The Bank of England’s Monetary Policy Committee delivered a widely expected rate cut, but more significant was the updated forecasts showing the Bank remains downbeat about medium-term growth, suggesting Rachel Reeves will have to raise taxes to keep to her fiscal rules, the Resolution Foundation said today (Thursday).

While other major central banks have put rates on hold over the summer, the Bank of England cut rates by 0.25 percentage points, the fifth reduction since the Bank started cutting rates a year ago. Bank Rate is now at 4 per cent, its lowest level since March 2023.

Mortgagors will welcome today’s rate cut, but many families are set to see repayments rise over the next year. Around 625,000 households coming off two-year fixed deals in the next 12 months can expect lower rates on renewal, but around 700,000 households face rises over the next year, as they roll off low five-year fixes agreed in 2020 and 2021.

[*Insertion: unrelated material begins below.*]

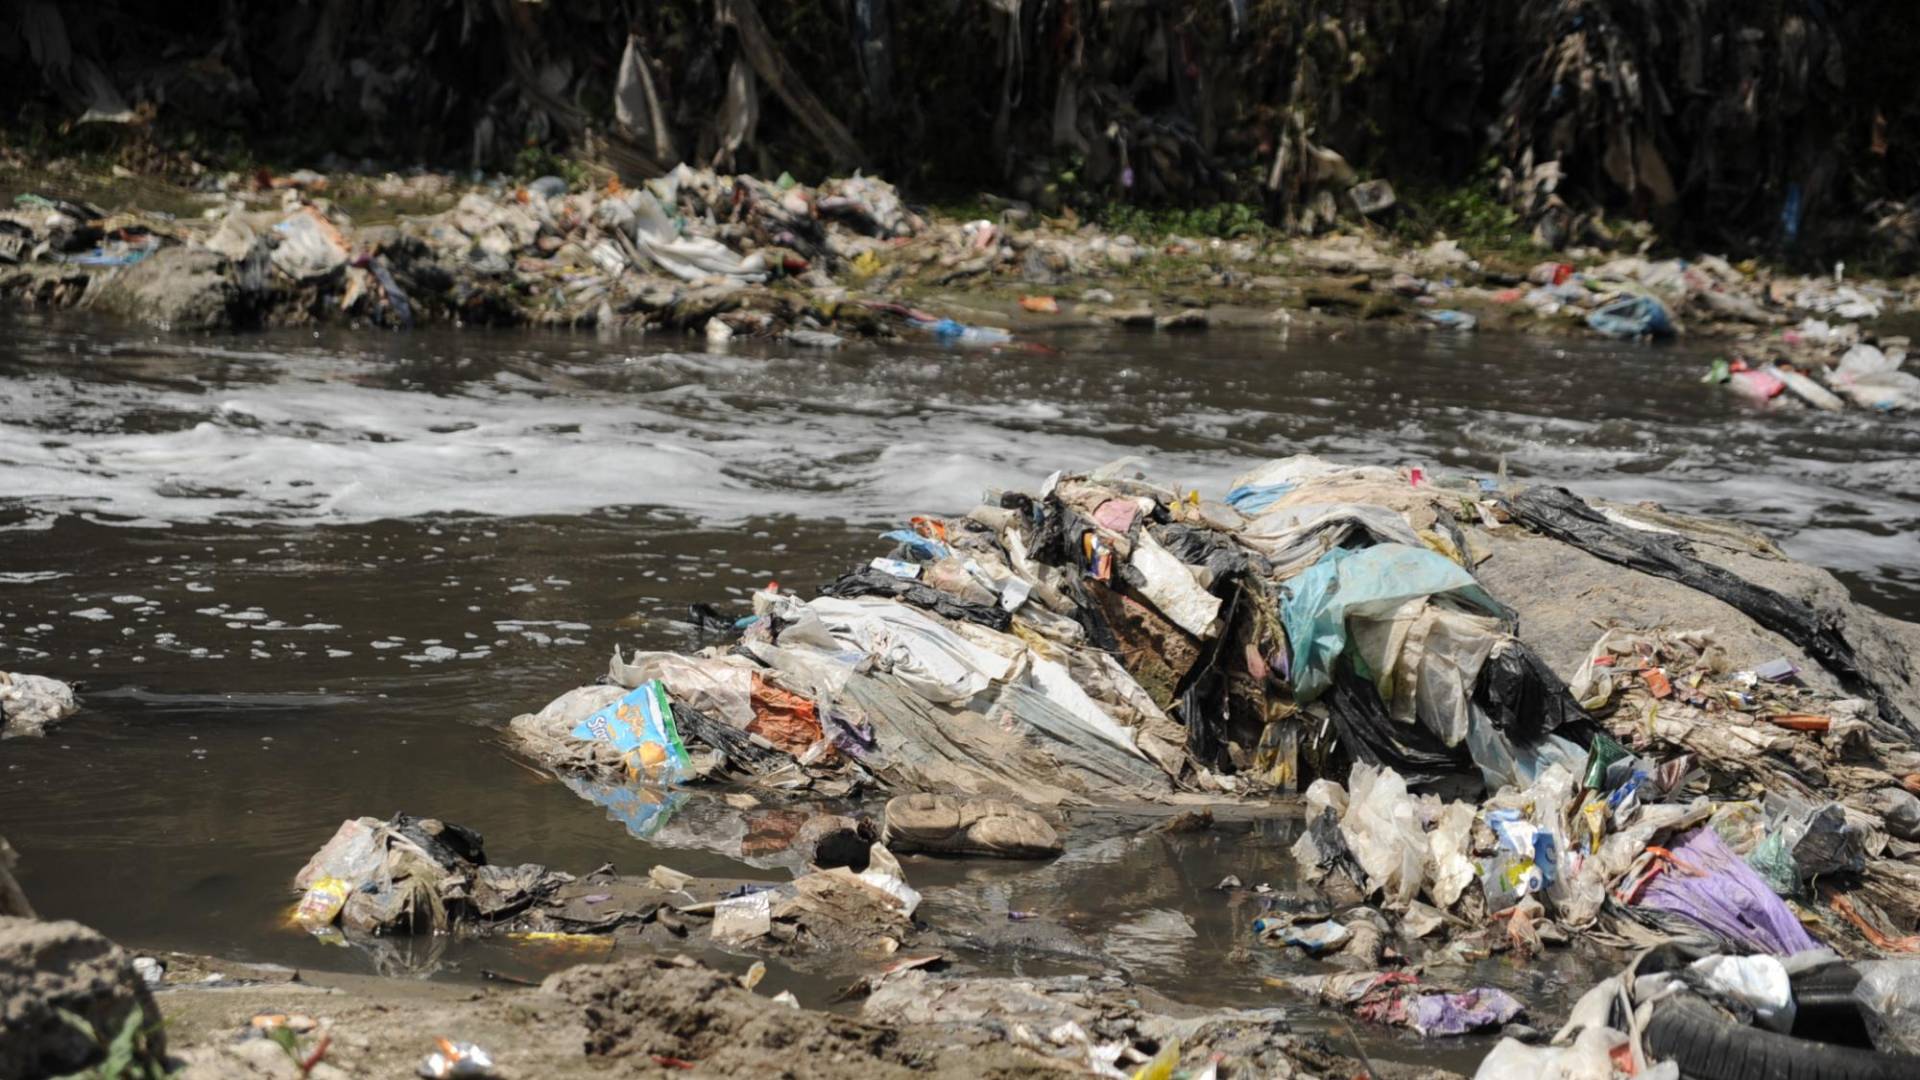 $!En el río Las Vacas, uno de los más contaminados del mundo, se instalará una biobarda, según autoridades hondureñas. Por este río pasan 8,500 toneladas de basura.

But there was bad news for the Chancellor: while the Bank of England’s growth forecasts were little changed, they remain more pessimistic than those made by the Office for Budget Responsibility (OBR) in the medium term. For example, the Bank is expecting growth of just 1.2 per cent in 2026 compared to an OBR forecast of 1.9 per cent. If the OBR brings its forecast closer to that made by the Bank of England, it is likely that the Chancellor will face a significant shortfall against her fiscal rules at the Autumn Budget.

And, elsewhere, there was little in the Bank’s forecasts to bring cheer to struggling families. The Bank is forecasting higher inflation in the coming months with CPI now expected to peak at 4 per cent in September, rather than the 3.7 per cent that was expected at the time of the May Report, with much of that coming from higher food-price inflation. Real wage growth is also expected to slow sharply from around 3.8 per cent in 2024 to just 0.5 per cent this year.

James Smith, Research Director at the Resolution Foundation, said:

“There was bad news for the Chancellor from the Bank of England today as its forecasts remain more pessimistic on growth than the Office for Budget Responsibility, suggesting bad news is coming at the Autumn Budget.

“Bank Rate is now 4 per cent – its lowest level since March 2023. While this will be broadly welcomed by mortgagors, around 700,000 families will still see repayments rise as they come off five-year fixed-rate deals.

“The was also bad news from the Bank of England for families struggling with the cost of living: inflation is set to be higher than previously expected, with food inflation rising further in the coming months, and real wage growth set to hit a brick wall this year.”